Entre 2005 y 2020 desarrolla un intenso trabajo artístico-poético-literario que se prolonga durante y después de la pandemia, etapa en la que vuelve a preguntarse por su identidad como artista y a reencontrarse con la naturaleza, entendida como la expresión artística por excelencia. La naturaleza explica nuestra presencia, identidad, pertenencia y desarraigo; moldea nuestras capacidades creativas y sentimentales en relación con otros seres vivos y comunidades humanas. Todo parece indicar que se cierra un círculo vital y creativo, aunque Adel continúa participando activamente en la vida artística desde una práctica experimental, acompañando y animando discretamente a otras creadoras y creadores.

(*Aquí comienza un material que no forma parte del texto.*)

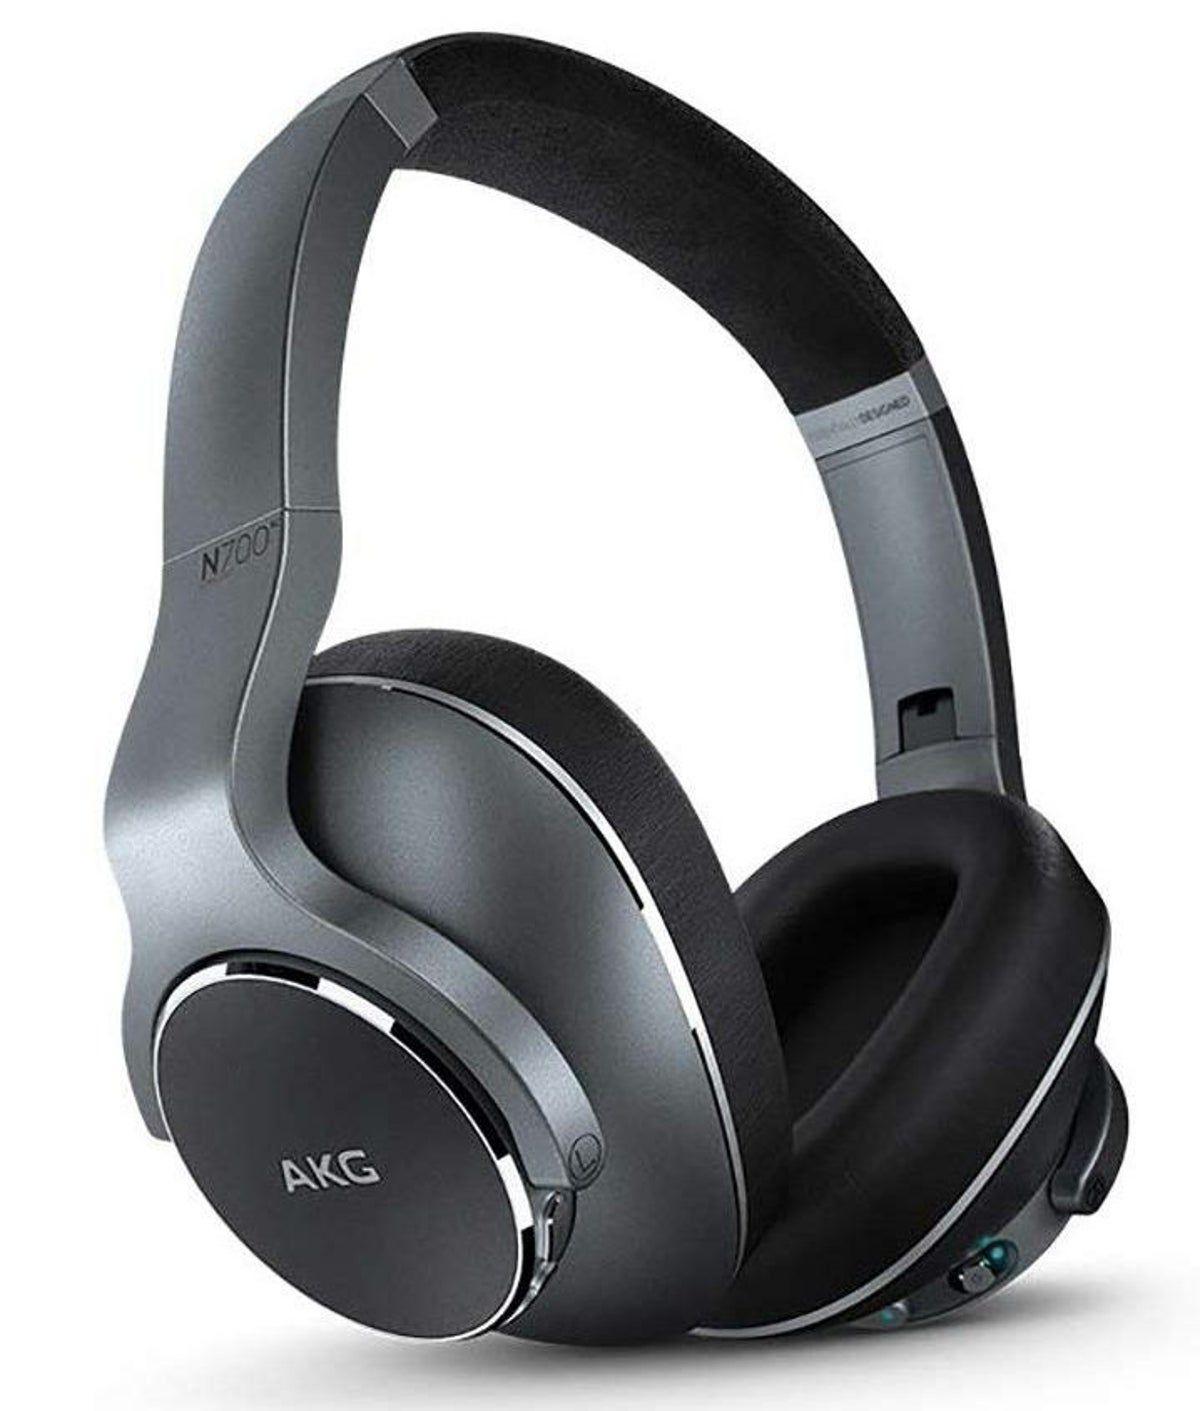 AKG N700NC OverEar Wireless Headphones, in 2020 Akg

Ceferino del Olmo, José Ramón Sáinz Morquillas y Adel Alonso han sido —y son— un trío de ases creativos en medio de la precariedad artística del territorio. Pioneros y referentes obligados en la Margen Izquierda, la Zona Minera y Bizkaia desde los años setenta hasta hoy, han caminado a menudo sin el respaldo institucional necesario. Personalmente, doy las gracias a los tres.

* Ángel Asensio Miranda es licenciado en Filosofía y Ciencias de la Educación. Técnico de Cultura en Sestao y Director del Teatro de Barakaldo.